## Project Name: Dementia Probabilities in HRS

Project Synopsis: Follows Hurd's (2013) method of dementia probability
assignment using separate ordered probits for self- and proxy-respondents on the
ADAMS Wave A cohort as described in the online appendix.  Recreates tables from
the appendix and examines sensitivity/specificity and AUC of model vs. Hurd's
publicly available probabilities in manner of Gianattasio, et al. (2019).  Final
probabilities are correlated with Hurd’s at .96, with slightly higher sensitivity
and lower specificity, and marginally higher AUC in and out of sample than
Hurd’s original probabilities.<br>

Principal Investigator: Amy Kelley <br> <br>
Created By: Evan Bollens-Lund<br>
Date Created: 12/10/15<br>
Last Modified By: Evan Bollens-Lund<br>
Date Last Modified: 2/25/19<br>

Data: HRS Core public files, 1998-2014
Software: SAS and Stata

Papers that use data derived from this code:
Ornstein, K.A., Garrido, M.M., Siu, A.L., Bollens‐Lund, E., Langa, K.M. and Kelley, A.S., 2018. Impact of In‐Hospital Death on Spending for Bereaved Spouses. Health Services Research, 53, pp.2696-2717.

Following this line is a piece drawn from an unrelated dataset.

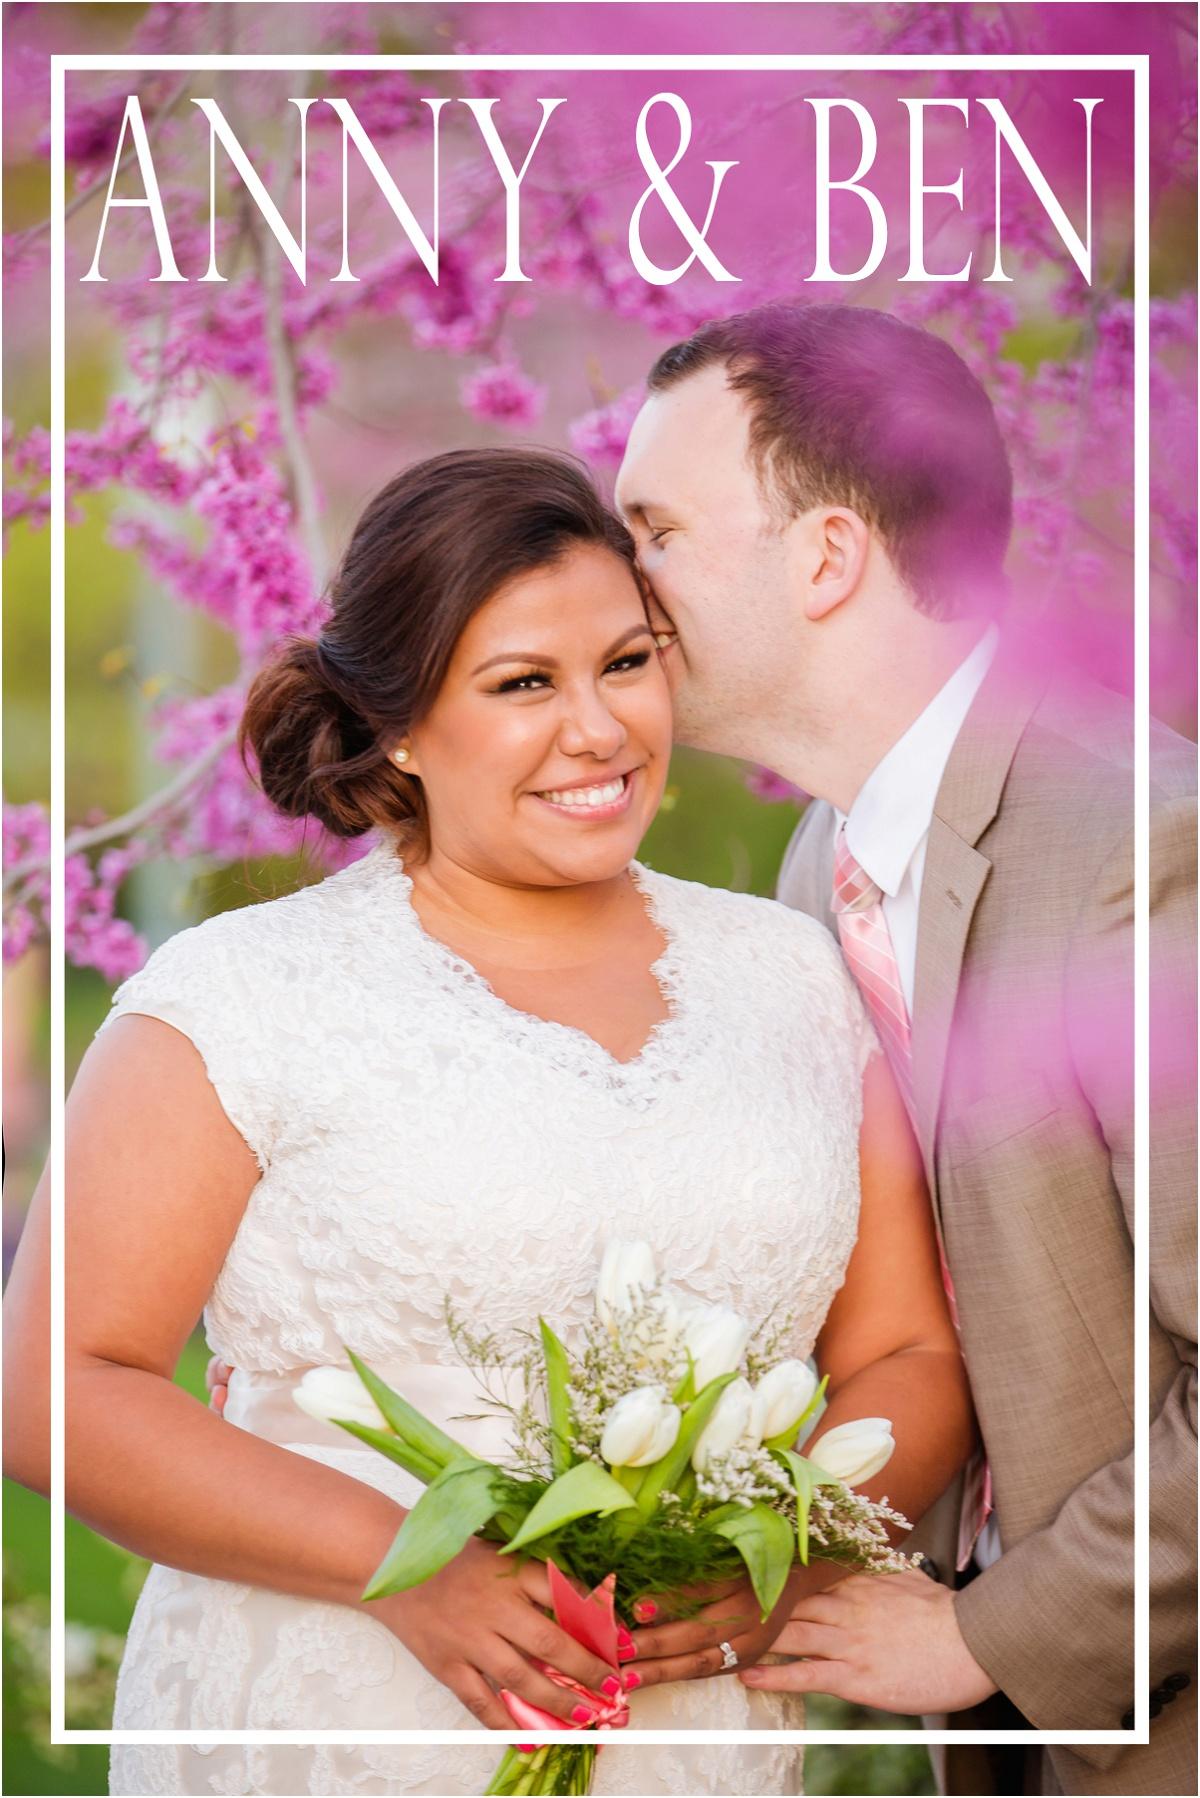 Terra Cooper Photography Weddings Brides 2015_5382.jpg

Ornstein, K.A., Garrido, M.M., Siu, A.L., Bollens-Lund, E., Rahman, O.K. and Kelley, A.S., 2019. An Examination of Downstream Effects of Bereavement on Healthcare Utilization for Surviving Spouses in a National Sample of Older Adults. Forthcoming from PharmacoEconomics.

Wachterman, M.W., O’Hare, A.M., Rahman,O.K., Lorenz, K.A., Marcantonio, E.R., Alicante, G.K. and Kelley, A.S., 2019. Framing Prognostic Expectations: One-year Mortality After Dialysis Initiation Among Older Adults.  Forthcoming from JAMA Internal Medicine.

Using the original Hurd probabilities:
Kelley, A.S., McGarry, K., Gorges, R. and Skinner, J.S., 2015. The burden of health care costs for patients with dementia in the last 5 years of life. Annals of internal medicine, 163(10), pp.729-736.

Reference papers:
Hurd, Michael D., Paco Martorell, Adeline Delavande, Kathleen J. Mullen,
 and Kenneth M. Langa. "Monetary costs of dementia in the United States."
 New England Journal of Medicine 368, no. 14 (2013): 1326-1334.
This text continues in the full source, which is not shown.